• [YOUR GOAL]
Take every line containing "Black" out of the records.

*** INPUT MATERIAL Section Begins ***

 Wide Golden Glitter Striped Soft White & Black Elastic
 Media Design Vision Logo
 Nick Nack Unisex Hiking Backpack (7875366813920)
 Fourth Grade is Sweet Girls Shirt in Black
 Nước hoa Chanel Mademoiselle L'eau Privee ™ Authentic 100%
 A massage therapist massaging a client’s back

*** INPUT MATERIAL Section Ends ***

• [OUTPUT]
 Wide Golden Glitter Striped Soft White & Black Elastic
 Fourth Grade is Sweet Girls Shirt in Black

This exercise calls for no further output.